Largest single-prompt input
Gemini 3.1 Flash Lite
Its 1M window is about 3.9× larger, fitting roughly 1,500 pages in one prompt.
Which should you pick?
A cost-sensitive startup shipping high volume
→ MAI-Thinking-1
At Not published it undercuts Gemini 3.1 Flash Lite, and on millions of tokens that margin decides the monthly bill.
Someone analysing very long documents or codebases
→ Gemini 3.1 Flash Lite
Larger 1M window fits more in one prompt.
Anyone whose priority is ultra-low-latency, high-volume production workloads
→ Gemini 3.1 Flash Lite
It is specifically built for that.
Anyone whose priority is very strong math reasoning (aime 2025 97%, aime 2026 94.5%)
→ MAI-Thinking-1
That is its strongest area.
Gemini 3.1 Flash Lite: where it fits
Google's fastest and most cost-efficient Gemini 3 series model, built for ultra-low-latency, high-volume production workloads at half the price of Gemini 3 Flash. Released March 3, 2026 by Google, it is built for ultra-low-latency, high-volume production workloads, most cost-efficient Gemini 3 model — half the price of Gemini 3 Flash ($0.25/$1.50 vs $0.50/$3.00 per 1M tokens), high-volume agentic and tool-calling loops where cost per call matters, and multimodal input across text, image, video, audio, and PDF.
Its trade-offs are real: lower reasoning and quality ceiling than Gemini 3.1 Pro and the full Gemini 3 Flash tier, sharp long-context degradation — MRCR v2 (8-needle) retrieval falls to ~12% at the full 1M-token window, and closed weights — not downloadable or self-hostable. At $0.25 in / $1.5 out per million tokens, it sits in the budget price band.
MAI-Thinking-1: where it fits
Microsoft's first fully in-house flagship reasoning model — a Claude-class reasoner built independently to cut its OpenAI dependence. Released June 2, 2026 by Microsoft, it is built for very strong math reasoning (AIME 2025 97%, AIME 2026 94.5%), microsoft's first in-house flagship reasoner, trained without OpenAI distillation, efficient reasoning at low token cost for its class, and competitive with Claude Opus 4.6 on SWE-Bench Pro (vendor-reported).
Its trade-offs: closed and in private preview — no open weights, no published pricing, thin availability, and benchmarks are largely self-reported.

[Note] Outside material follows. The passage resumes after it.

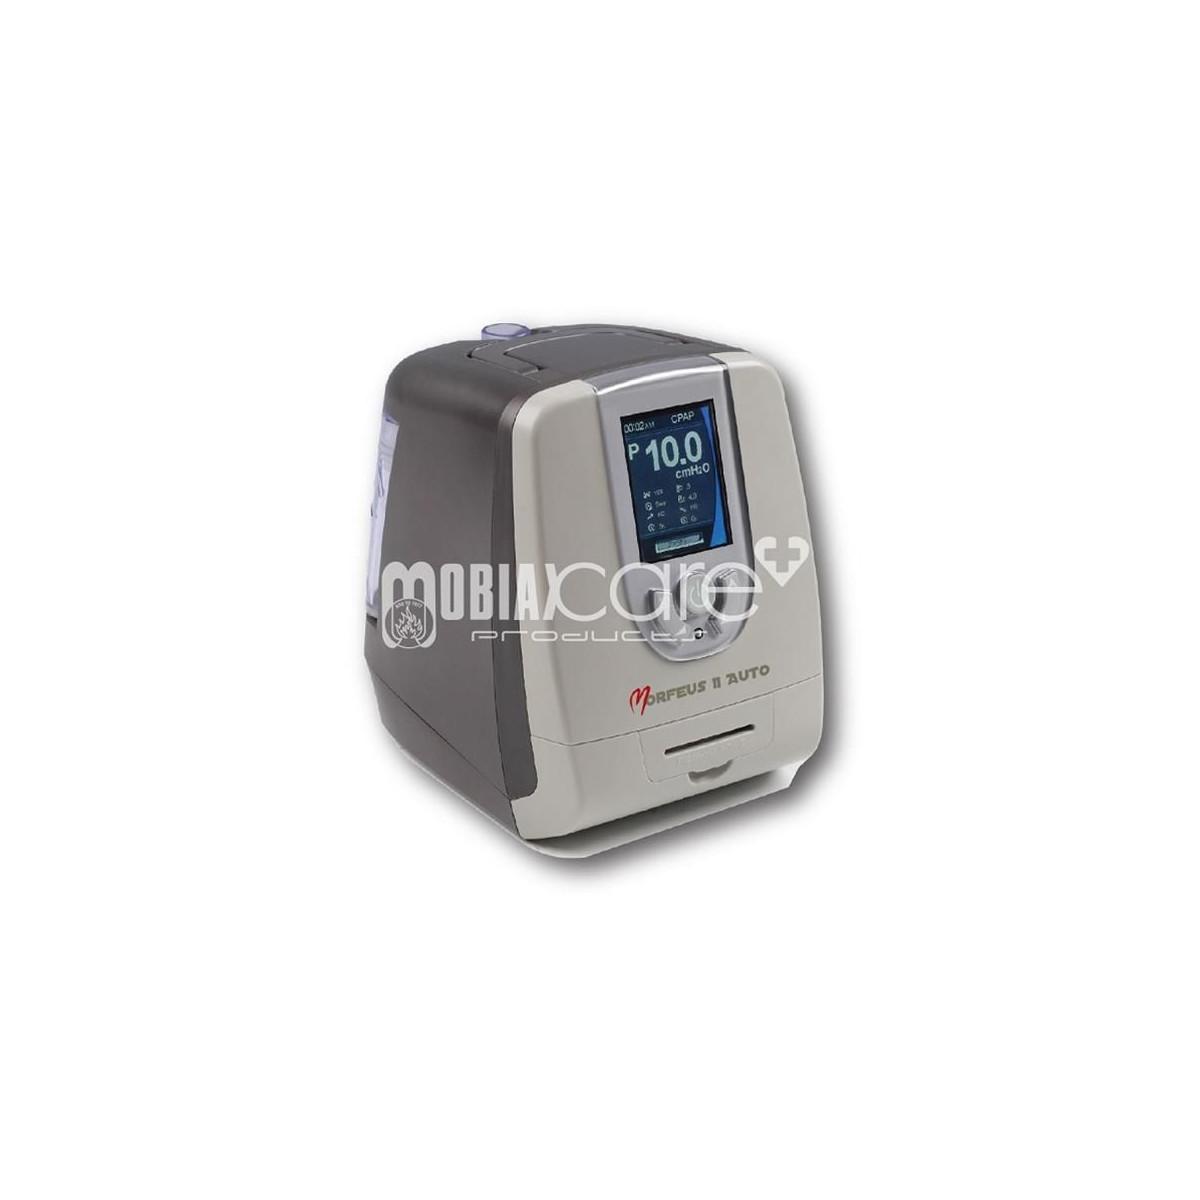 CPAP Morfeus II Auto

The bottom line for this matchup
Gemini 3.1 Flash Lite and MAI-Thinking-1 overlap enough that the right pick depends on your specific job. MAI-Thinking-1 costs less per token; Gemini 3.1 Flash Lite holds the larger context; and each leads in its own area — Gemini 3.1 Flash Lite for ultra-low-latency, high-volume production workloads, MAI-Thinking-1 for very strong math reasoning (aime 2025 97%, aime 2026 94.5%). Rather than crowning one, run the same hard task through both once and let the results decide.
Want both Gemini 3.1 Flash Lite and MAI-Thinking-1 without two subscriptions? LumiChats gives you these plus 40+ models under one ₹69/day pass (about $1/day) — draft with one, cross-check with the other.

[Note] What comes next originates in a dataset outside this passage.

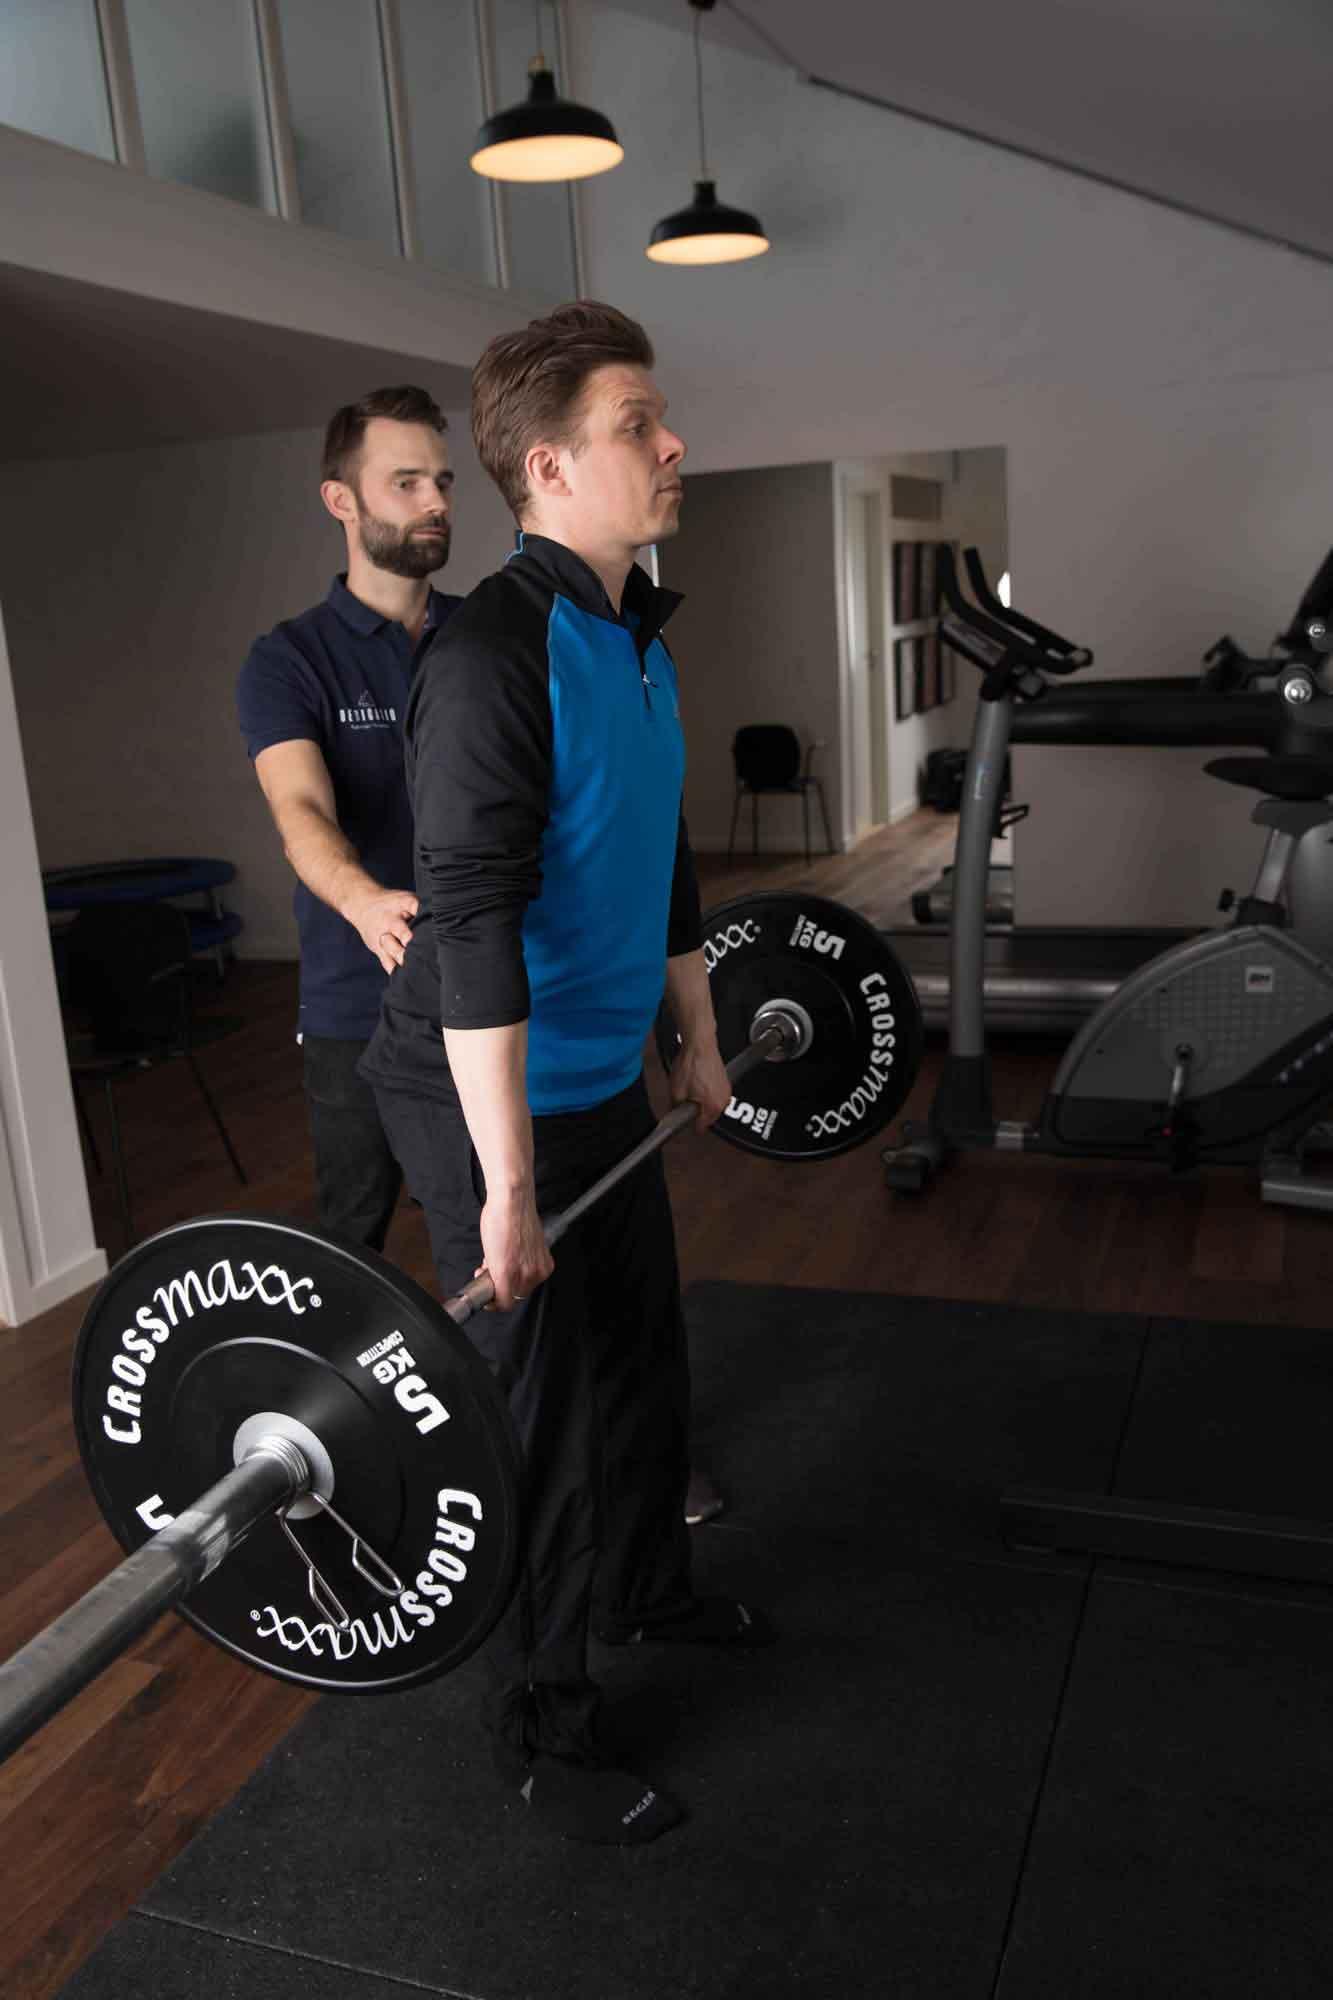 Træning Dedicatio Fysioterapi i Valby

Is Gemini 3.1 Flash Lite or MAI-Thinking-1 better for coding?
Public SWE-Bench figures are not available for either model, so the honest test is your own repository — run an identical real bug through both. By design, Gemini 3.1 Flash Lite leans toward ultra-low-latency, high-volume production workloads while MAI-Thinking-1 leans toward very strong math reasoning (aime 2025 97%, aime 2026 94.5%), and that positioning usually predicts which feels better on your codebase.

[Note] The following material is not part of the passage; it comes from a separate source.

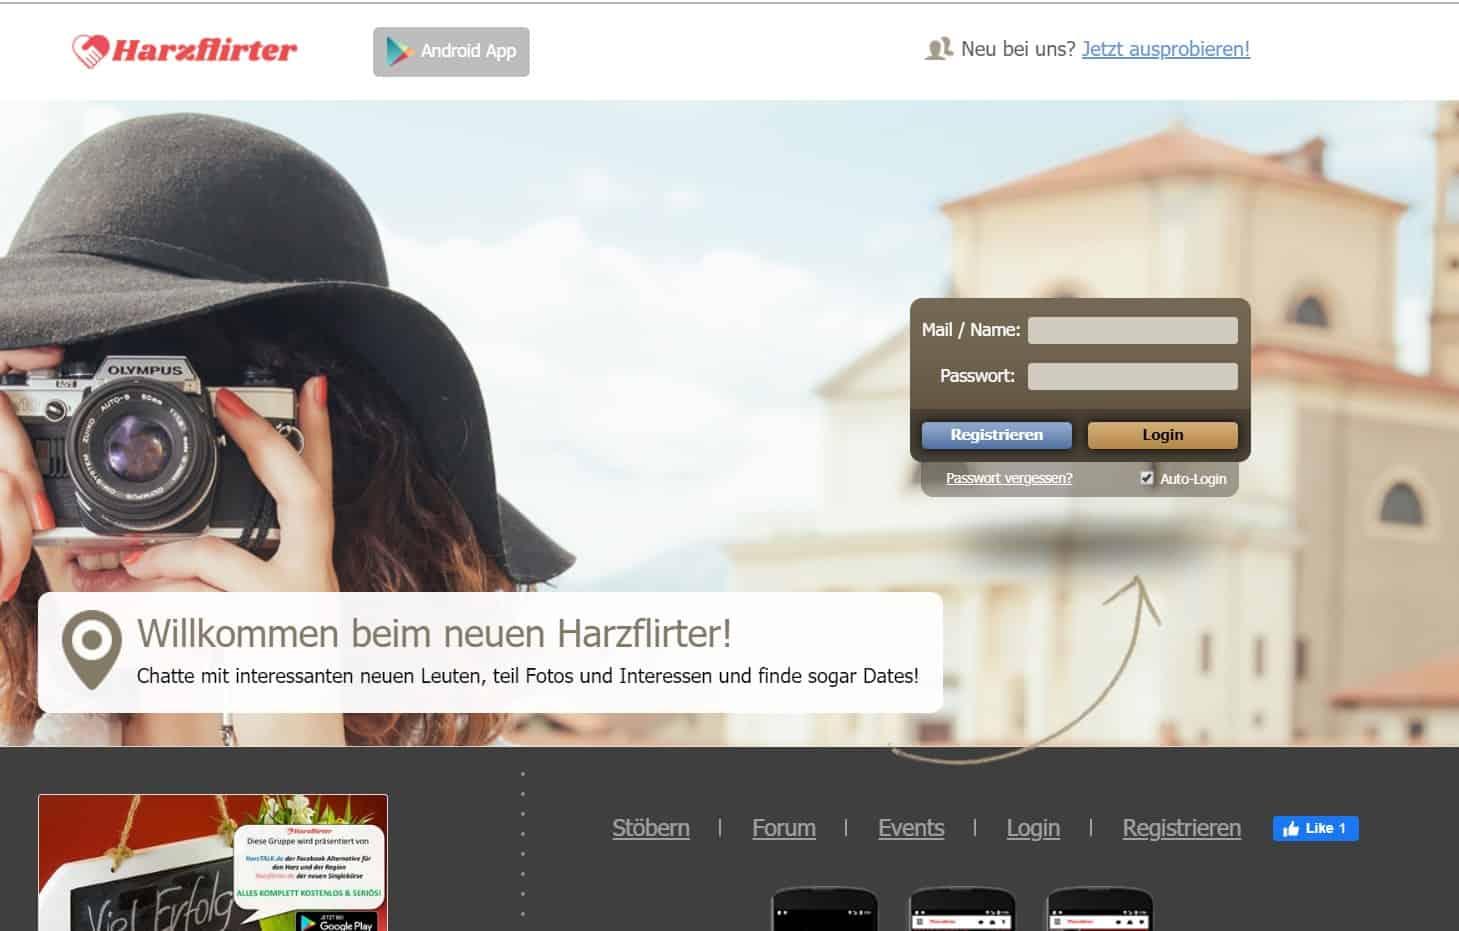 Testbericht: HarzFlirter.de Abzocke

Which is cheaper, Gemini 3.1 Flash Lite or MAI-Thinking-1?
MAI-Thinking-1 is cheaper — $0.25/$1.5 per 1M tokens vs Not published.
Which has the bigger context window?
Gemini 3.1 Flash Lite — 1M vs 256K, about 3.9× larger. Useful only if the model actually reasons over the full window, which not all do.
Can I use both Gemini 3.1 Flash Lite and MAI-Thinking-1 together?
Yes — a multi-model platform like LumiChats gives you Gemini 3.1 Flash Lite, MAI-Thinking-1 and 40+ others under one ₹69/day pass (about $1/day), so you can draft with one and cross-check with the other instead of buying two subscriptions.
Which is newer, Gemini 3.1 Flash Lite or MAI-Thinking-1?
MAI-Thinking-1 — released June 2, 2026, about 3 months after Gemini 3.1 Flash Lite.
Specifications and benchmarks reflect publicly reported figures as of June 2026 and may change as providers release updates. Always verify on your own workload.